The perfect mini cupcakes to serve for Easter. The chopped jelly beans baked inside provide a fun colorful surprise that all the kids will love.
- 48 mini or 24 standard-size paper cupcake liners
- 1 package (15.25 ounces) white or vanilla cake mix
- 1 cup WONKA SweeTARTS or LAFFY TAFFY flavored Jelly Beans, divided
- 1 3/4 cups water
- 3 large egg whites
- 2 tablespoons all-purpose flour
- 1 package (8 ounces) reduced-fat cream cheese, at room temperature
- 1 cup powdered sugar
- 1 teaspoon vanilla extract
- WONKA SweeTARTS Gummies or Bunny Gummies (optional)
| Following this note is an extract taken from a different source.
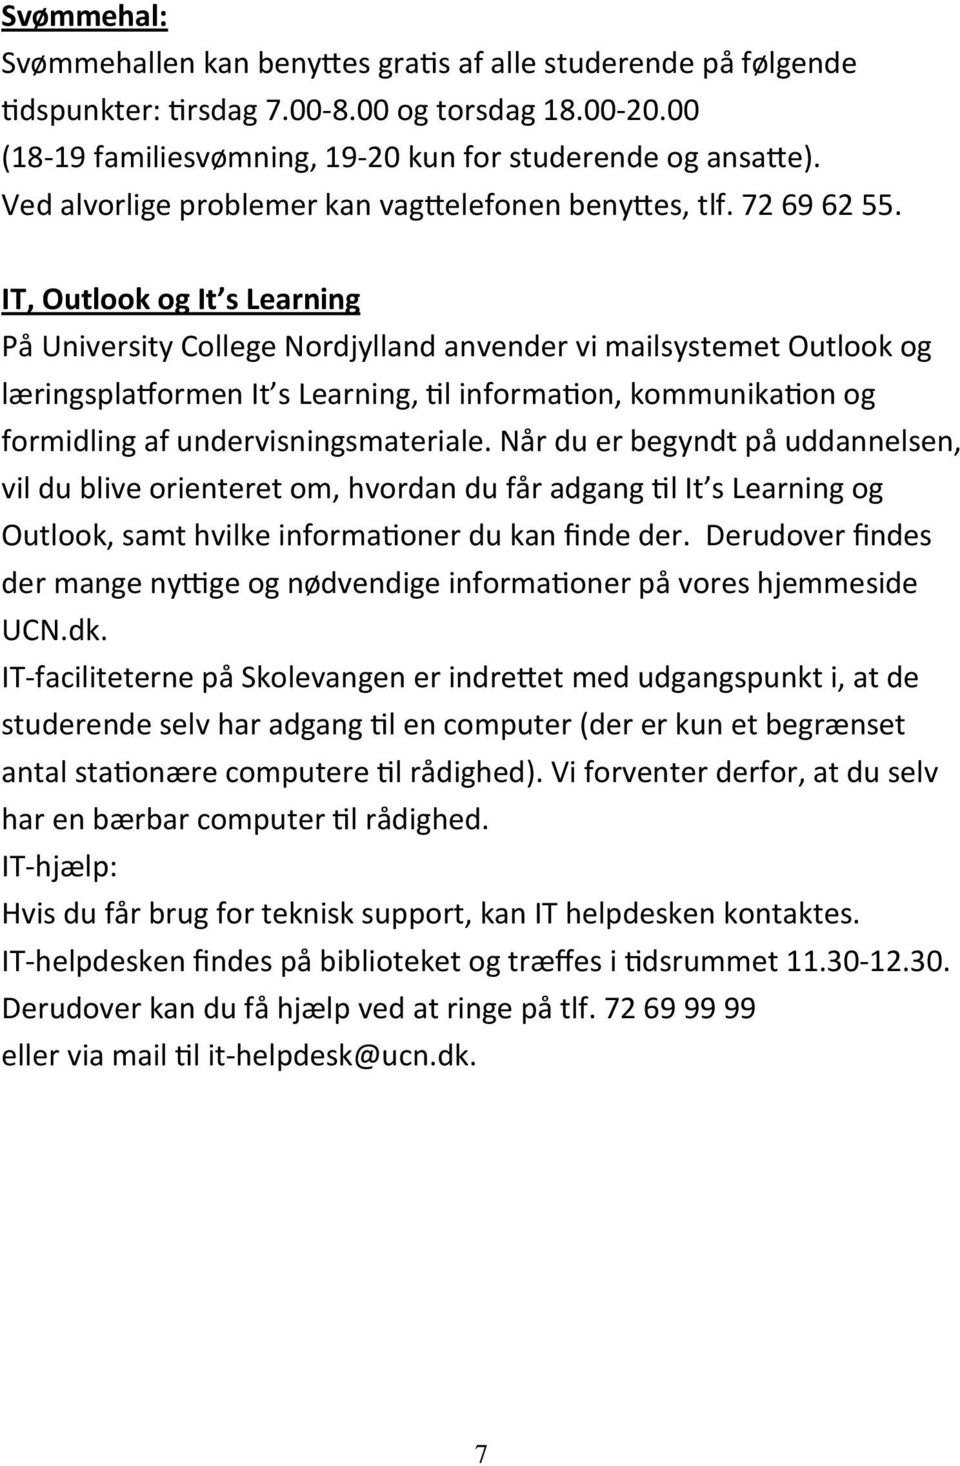 IT, Outlook og It s Learning På University College Nordjylland anvender vi mailsystemet Outlook og læringspla ormen It s Learning, l informa on, kommunika on og formidling af undervisningsmateriale.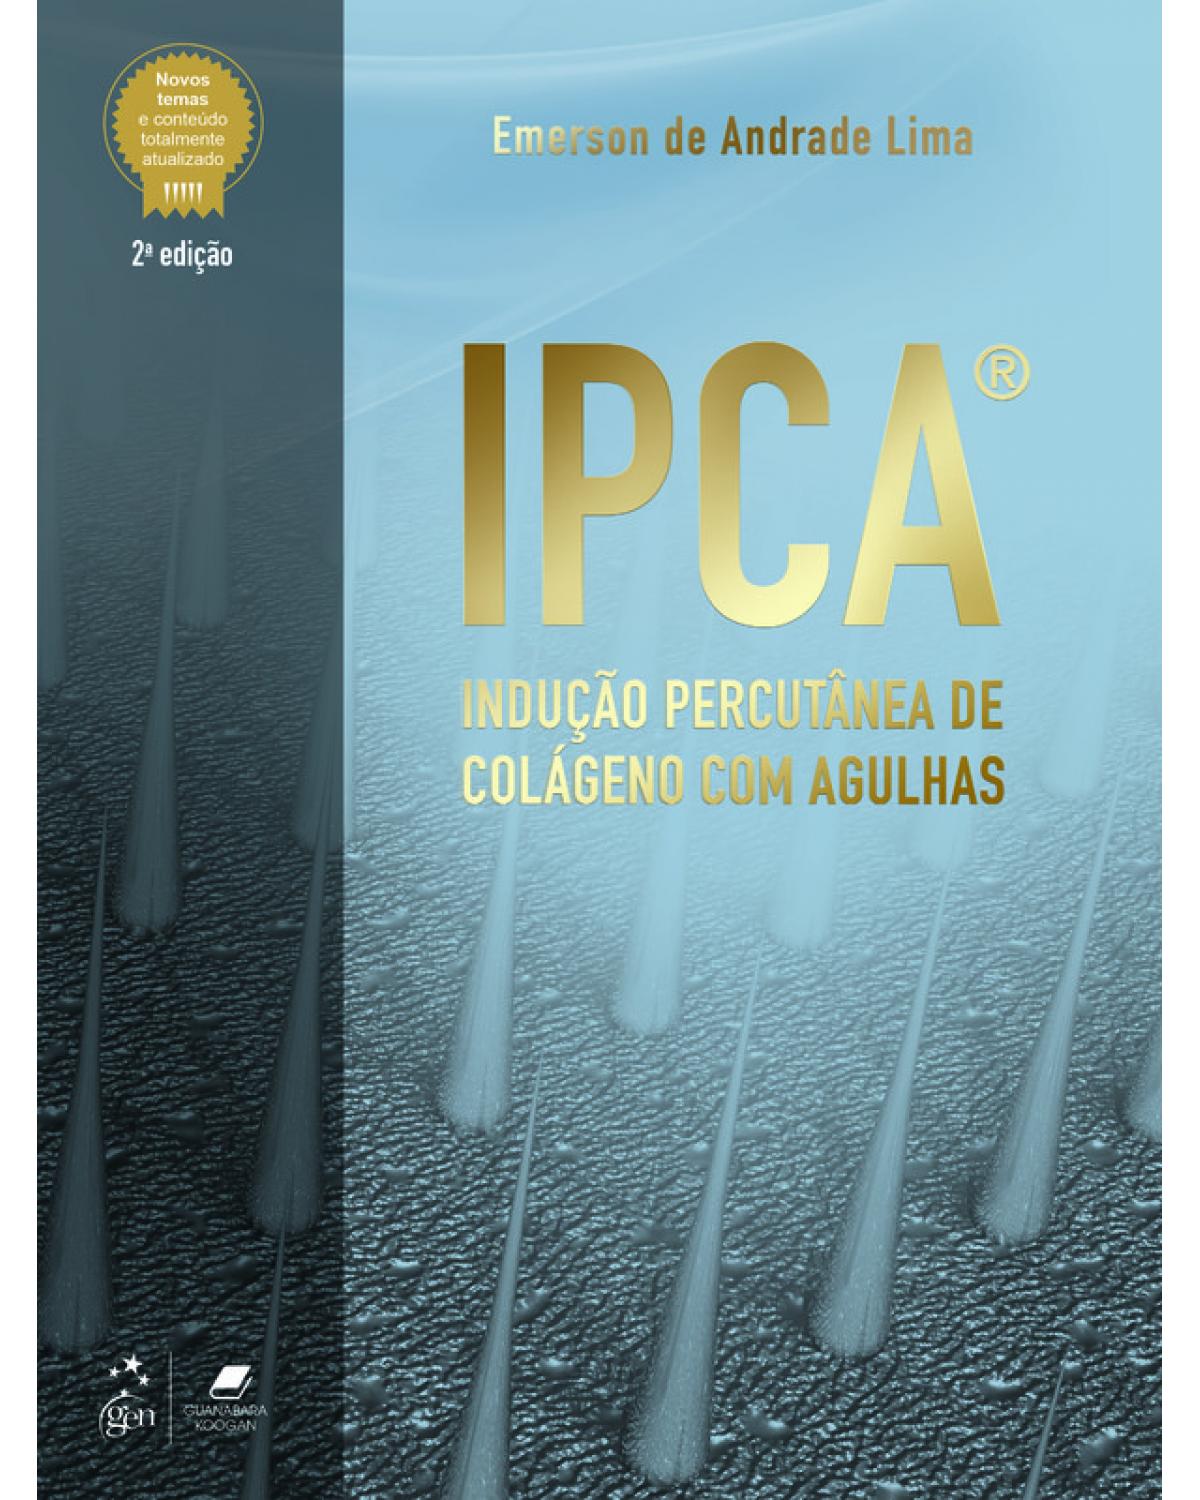 IPCA - Indução Percutânea de Colágeno com Agulhas - 2ª Edição | 2020

PREHEAT oven to 350° F. Line mini cupcake tins with 48 paper liners or standard-size cupcake tins with 24 paper liners.
REMOVE 1 tablespoon of cake mix and place in a small bowl. Chop 3/4 cup of Jelly Beans and add to bowl with cake mix. Stir to combine.
COMBINE remaining cake mix, water, egg whites and flour in large bowl and beat according to cake mix package directions. Fold in chopped Jelly Beans. Divide batter evenly among cupcake liners.
BAKE for 15 to 20 minutes or until wooden pick inserted in cupcake comes out clean. Cool completely in pan on wire rack.
BEAT cream cheese, powdered sugar and vanilla extract in medium mixer bowl until creamy.
FROST cupcakes evenly with frosting; decorate with remaining 1/4 cup Jelly Beans and Gummies.